Data section >>

☆ ☆ ☆ ☆ ☆ ☆ ☆

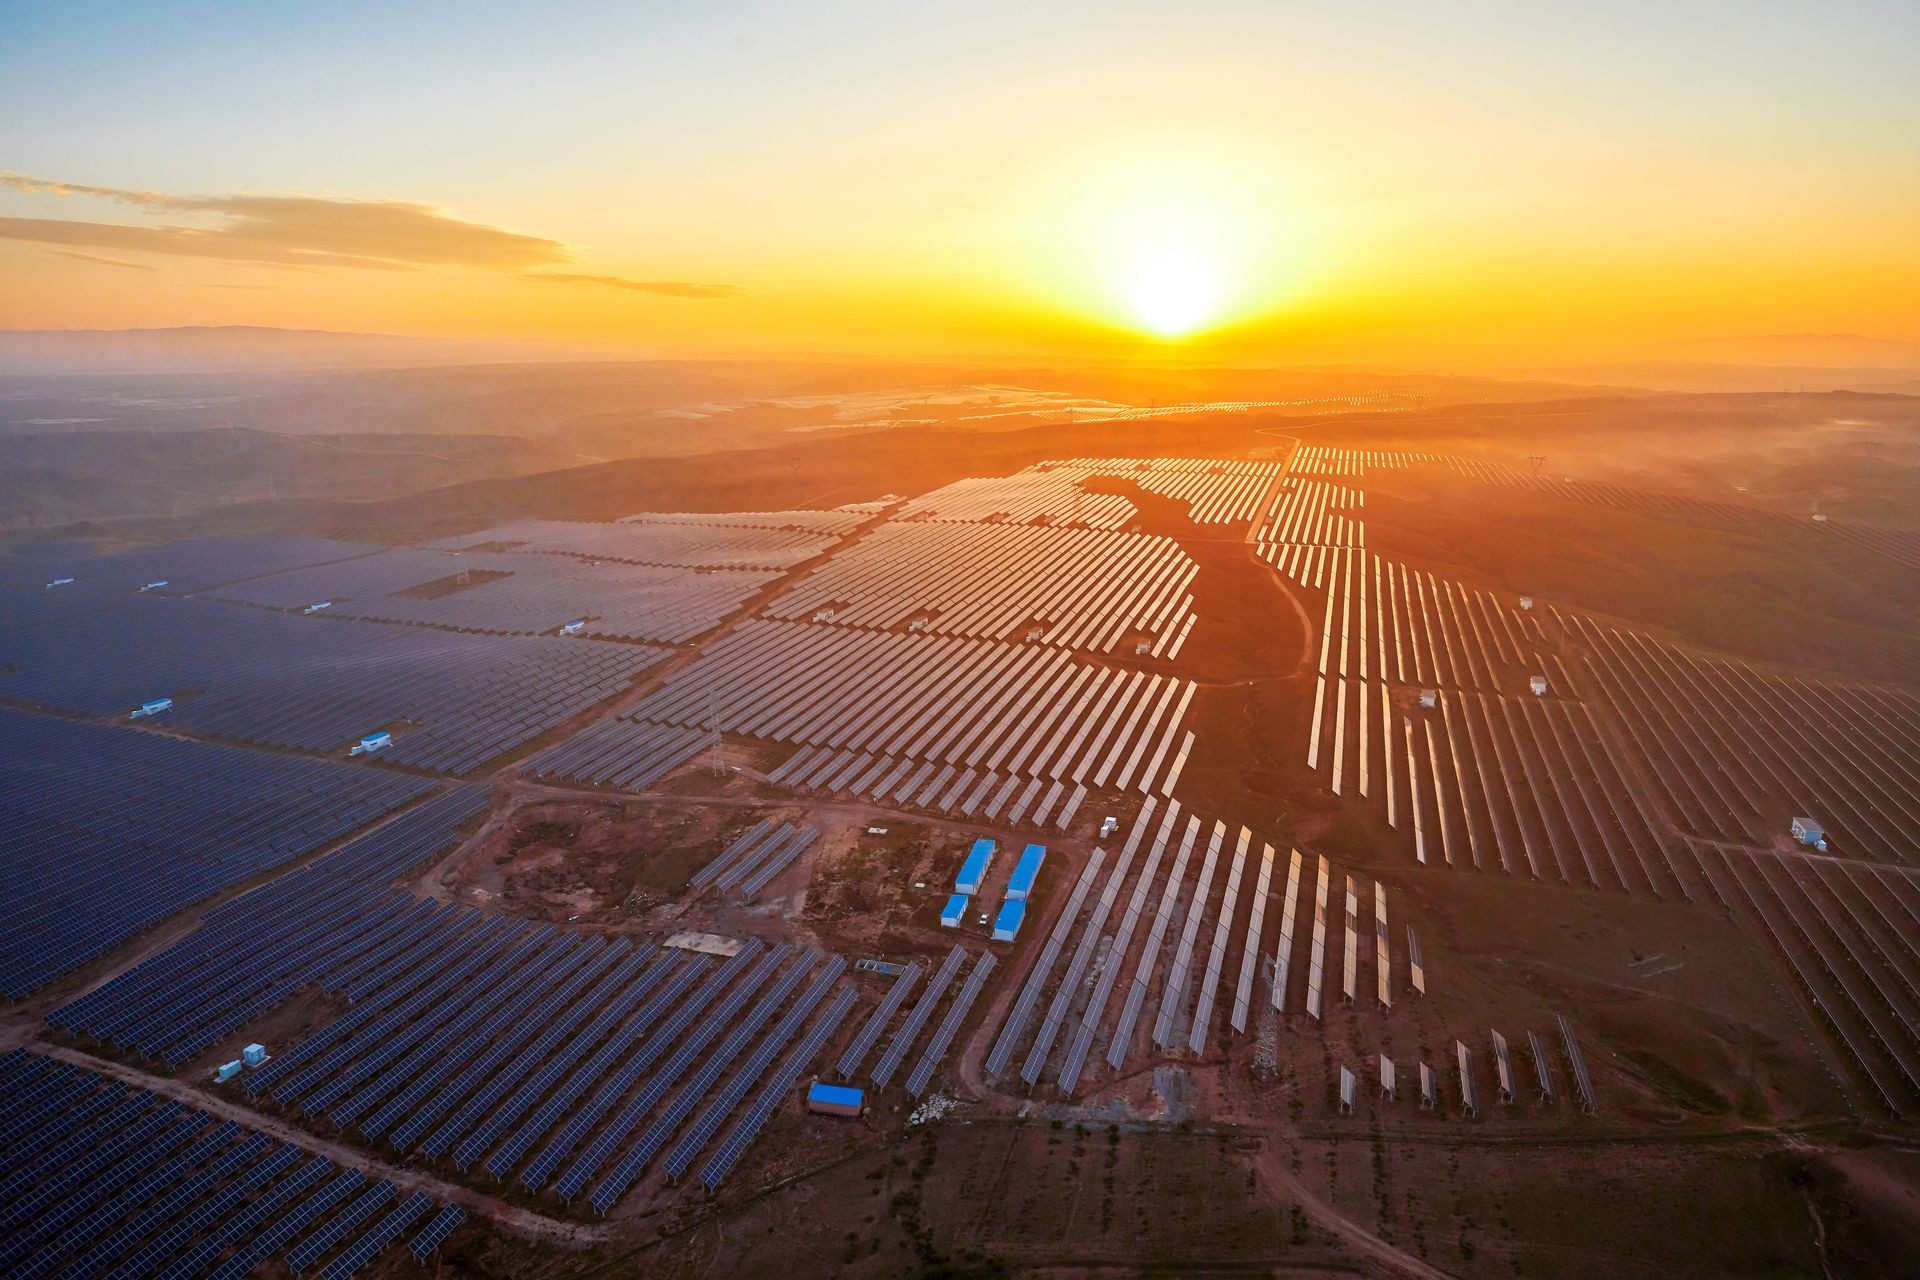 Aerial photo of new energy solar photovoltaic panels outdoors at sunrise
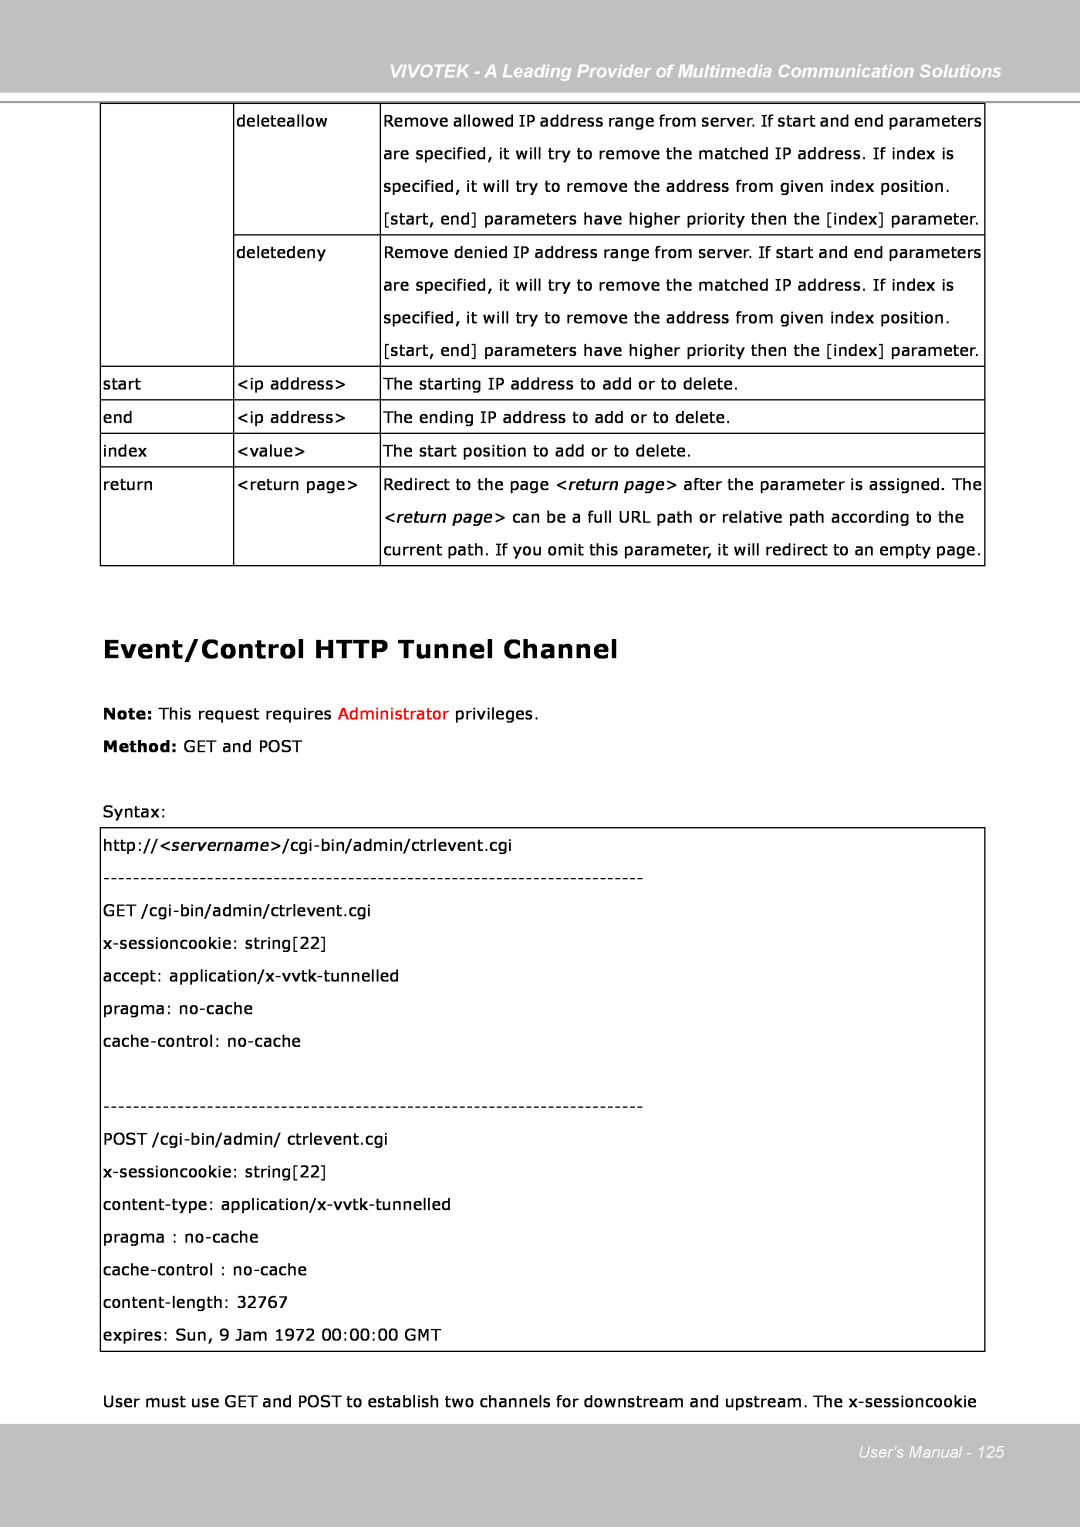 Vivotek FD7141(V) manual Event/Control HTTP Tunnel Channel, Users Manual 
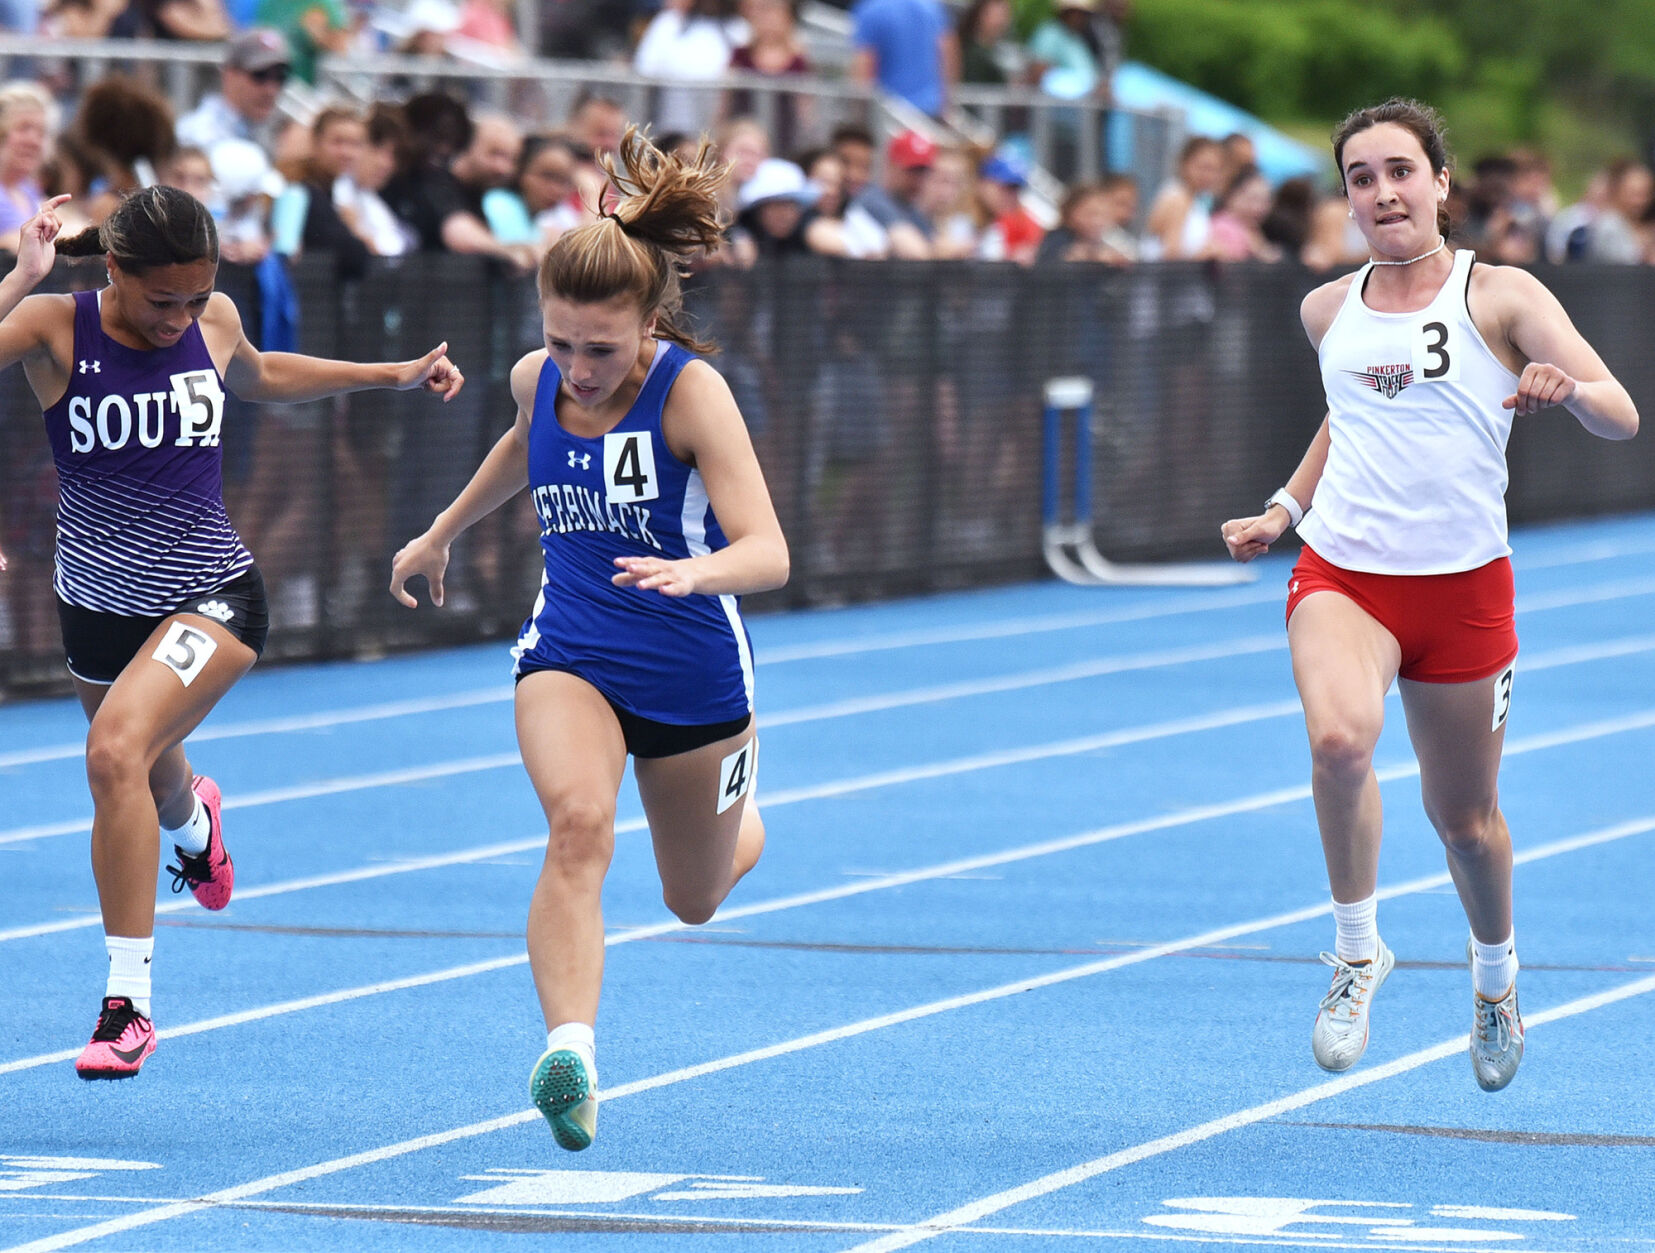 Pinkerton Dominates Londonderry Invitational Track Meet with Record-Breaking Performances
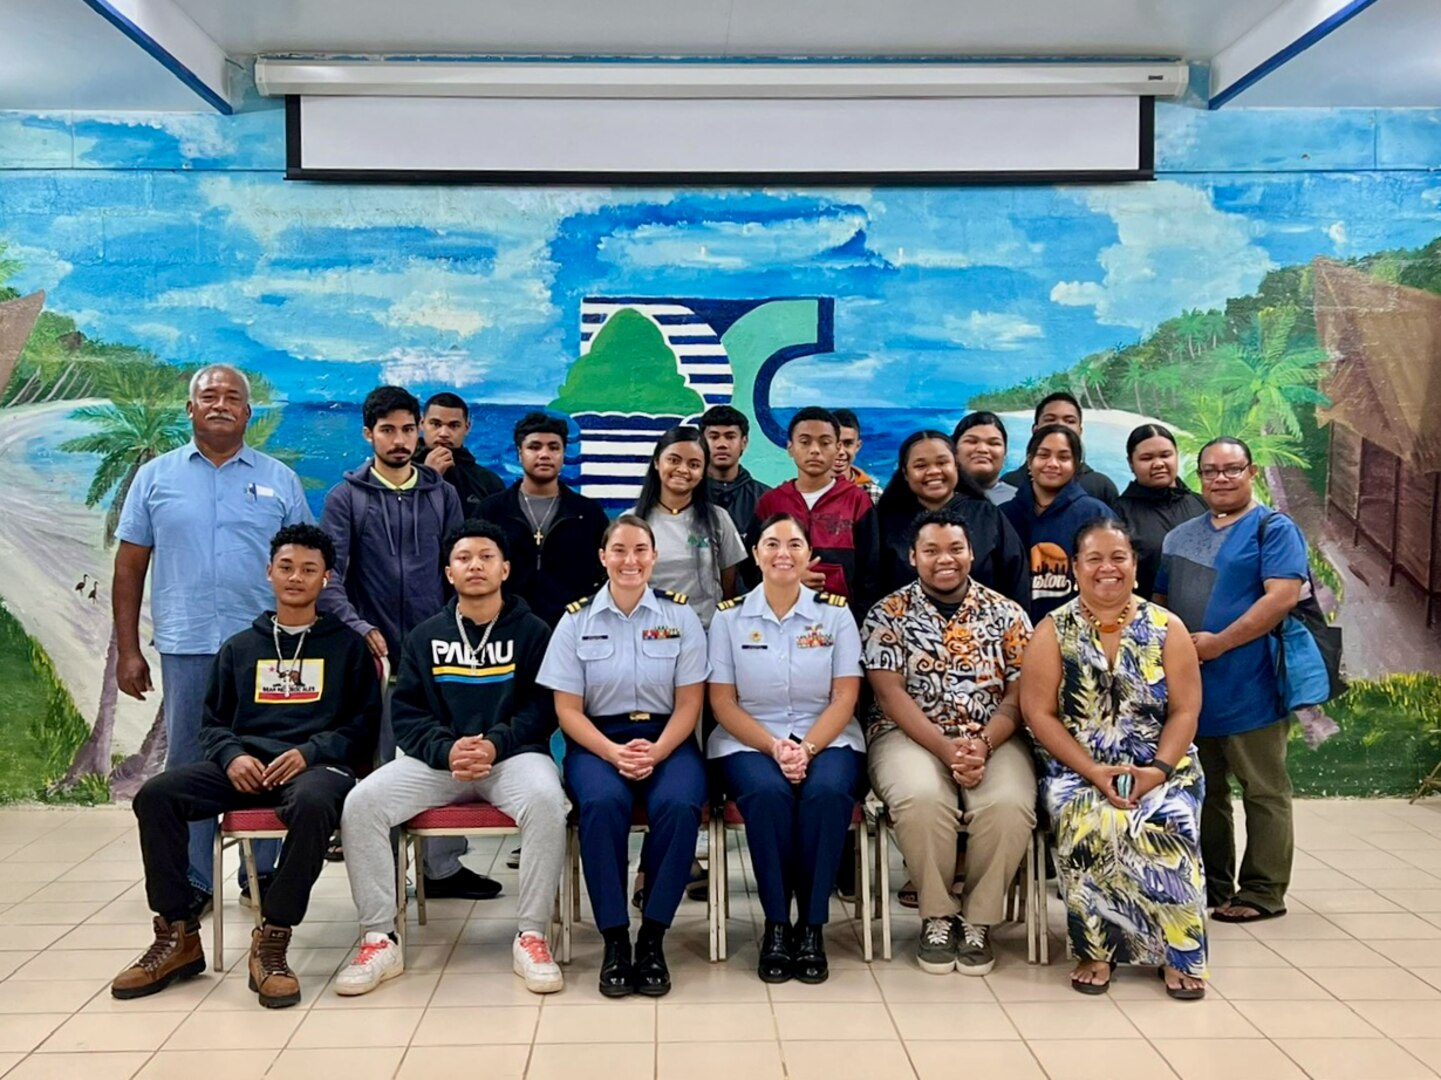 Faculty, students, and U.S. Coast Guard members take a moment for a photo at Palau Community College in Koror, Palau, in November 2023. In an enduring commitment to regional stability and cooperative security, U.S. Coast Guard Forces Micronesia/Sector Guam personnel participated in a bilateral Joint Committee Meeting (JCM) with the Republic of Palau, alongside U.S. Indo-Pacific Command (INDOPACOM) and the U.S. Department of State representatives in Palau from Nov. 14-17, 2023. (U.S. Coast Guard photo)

☆ ☆ ☆ ☆ ☆ ☆ ☆

Task requirements >>
Give back exactly the lines from the line with "Pinkerton Dominates Londonderry" through the end of the material above, inclusive, with no pictures.

Reply to the task >>
 Pinkerton Dominates Londonderry Invitational Track Meet with Record-Breaking Performances
 Faculty, students, and U.S. Coast Guard members take a moment for a photo at Palau Community College in Koror, Palau, in November 2023. In an enduring commitment to regional stability and cooperative security, U.S. Coast Guard Forces Micronesia/Sector Guam personnel participated in a bilateral Joint Committee Meeting (JCM) with the Republic of Palau, alongside U.S. Indo-Pacific Command (INDOPACOM) and the U.S. Department of State representatives in Palau from Nov. 14-17, 2023. (U.S. Coast Guard photo)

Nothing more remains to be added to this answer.